*** Task inputs Section Begins ***

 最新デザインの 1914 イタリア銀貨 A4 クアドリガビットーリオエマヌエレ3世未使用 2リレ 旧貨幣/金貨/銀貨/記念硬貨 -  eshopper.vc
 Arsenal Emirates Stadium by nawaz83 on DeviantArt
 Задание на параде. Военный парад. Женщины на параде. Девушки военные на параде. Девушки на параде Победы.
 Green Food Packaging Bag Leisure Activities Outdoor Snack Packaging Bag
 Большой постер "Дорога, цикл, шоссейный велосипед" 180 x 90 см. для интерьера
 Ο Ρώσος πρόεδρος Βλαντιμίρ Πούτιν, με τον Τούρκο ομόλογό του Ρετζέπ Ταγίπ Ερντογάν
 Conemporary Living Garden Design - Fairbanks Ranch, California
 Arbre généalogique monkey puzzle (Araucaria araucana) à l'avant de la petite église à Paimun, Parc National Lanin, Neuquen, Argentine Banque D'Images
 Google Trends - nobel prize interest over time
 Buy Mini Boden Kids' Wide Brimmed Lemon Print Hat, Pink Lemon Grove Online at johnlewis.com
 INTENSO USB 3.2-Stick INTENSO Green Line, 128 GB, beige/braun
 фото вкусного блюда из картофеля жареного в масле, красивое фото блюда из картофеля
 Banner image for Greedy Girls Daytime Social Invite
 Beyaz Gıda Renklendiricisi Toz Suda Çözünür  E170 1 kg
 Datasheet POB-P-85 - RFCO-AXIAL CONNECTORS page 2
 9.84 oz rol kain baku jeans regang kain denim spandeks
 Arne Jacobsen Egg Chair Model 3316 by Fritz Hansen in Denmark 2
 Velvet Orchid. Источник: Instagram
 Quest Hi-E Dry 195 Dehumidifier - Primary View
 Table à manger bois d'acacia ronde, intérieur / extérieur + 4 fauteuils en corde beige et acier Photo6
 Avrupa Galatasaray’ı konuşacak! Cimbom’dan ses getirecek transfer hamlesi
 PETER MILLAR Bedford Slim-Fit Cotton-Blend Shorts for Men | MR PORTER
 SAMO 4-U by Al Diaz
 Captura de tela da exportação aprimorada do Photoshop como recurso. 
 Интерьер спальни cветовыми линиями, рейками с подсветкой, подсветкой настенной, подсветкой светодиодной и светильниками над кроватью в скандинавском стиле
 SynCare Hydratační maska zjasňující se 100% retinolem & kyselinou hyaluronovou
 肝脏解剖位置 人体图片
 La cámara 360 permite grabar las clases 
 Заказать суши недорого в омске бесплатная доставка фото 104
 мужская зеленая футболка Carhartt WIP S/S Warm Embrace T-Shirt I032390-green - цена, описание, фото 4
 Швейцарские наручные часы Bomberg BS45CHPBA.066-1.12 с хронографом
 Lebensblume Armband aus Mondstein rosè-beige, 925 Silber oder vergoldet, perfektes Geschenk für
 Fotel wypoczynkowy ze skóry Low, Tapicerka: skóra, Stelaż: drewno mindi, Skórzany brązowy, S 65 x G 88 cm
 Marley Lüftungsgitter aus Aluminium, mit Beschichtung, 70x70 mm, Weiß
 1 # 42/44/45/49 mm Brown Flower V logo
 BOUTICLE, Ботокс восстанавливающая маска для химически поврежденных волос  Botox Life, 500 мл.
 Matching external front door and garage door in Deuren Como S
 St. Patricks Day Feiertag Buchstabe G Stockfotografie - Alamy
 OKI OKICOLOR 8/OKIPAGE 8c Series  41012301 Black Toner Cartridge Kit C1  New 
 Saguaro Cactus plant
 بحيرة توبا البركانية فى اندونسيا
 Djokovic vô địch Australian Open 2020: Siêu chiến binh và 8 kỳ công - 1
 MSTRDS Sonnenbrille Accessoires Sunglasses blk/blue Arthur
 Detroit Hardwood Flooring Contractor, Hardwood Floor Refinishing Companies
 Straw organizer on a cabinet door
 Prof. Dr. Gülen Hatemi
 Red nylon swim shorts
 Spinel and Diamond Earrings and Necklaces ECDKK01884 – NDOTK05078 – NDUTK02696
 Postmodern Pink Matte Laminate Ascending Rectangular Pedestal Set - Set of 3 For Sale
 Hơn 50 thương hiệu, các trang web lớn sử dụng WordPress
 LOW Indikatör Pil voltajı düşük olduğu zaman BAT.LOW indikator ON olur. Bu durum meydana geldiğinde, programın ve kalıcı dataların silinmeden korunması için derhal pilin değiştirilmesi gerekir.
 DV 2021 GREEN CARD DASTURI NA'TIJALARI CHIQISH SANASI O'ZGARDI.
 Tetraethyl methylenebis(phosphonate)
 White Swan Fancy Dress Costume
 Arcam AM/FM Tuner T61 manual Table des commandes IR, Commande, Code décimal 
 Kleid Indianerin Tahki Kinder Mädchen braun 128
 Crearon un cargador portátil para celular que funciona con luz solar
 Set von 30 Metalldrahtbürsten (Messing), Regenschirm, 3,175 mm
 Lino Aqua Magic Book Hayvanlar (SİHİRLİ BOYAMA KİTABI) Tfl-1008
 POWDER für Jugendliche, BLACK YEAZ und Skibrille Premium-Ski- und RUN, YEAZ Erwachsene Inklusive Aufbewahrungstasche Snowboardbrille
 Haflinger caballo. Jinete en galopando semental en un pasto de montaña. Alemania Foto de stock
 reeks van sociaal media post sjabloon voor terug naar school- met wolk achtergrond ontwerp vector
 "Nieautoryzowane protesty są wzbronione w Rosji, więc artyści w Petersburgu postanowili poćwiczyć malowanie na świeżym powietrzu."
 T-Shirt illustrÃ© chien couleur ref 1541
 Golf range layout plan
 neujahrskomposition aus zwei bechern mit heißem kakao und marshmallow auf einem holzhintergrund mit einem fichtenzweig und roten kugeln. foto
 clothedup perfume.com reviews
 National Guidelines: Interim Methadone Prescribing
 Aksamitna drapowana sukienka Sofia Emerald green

*** Task inputs Section Ends ***

● **What is required**
Tally the lines of the listing above that include the word "Table". Answer with the number alone.

● **Problem solution**
2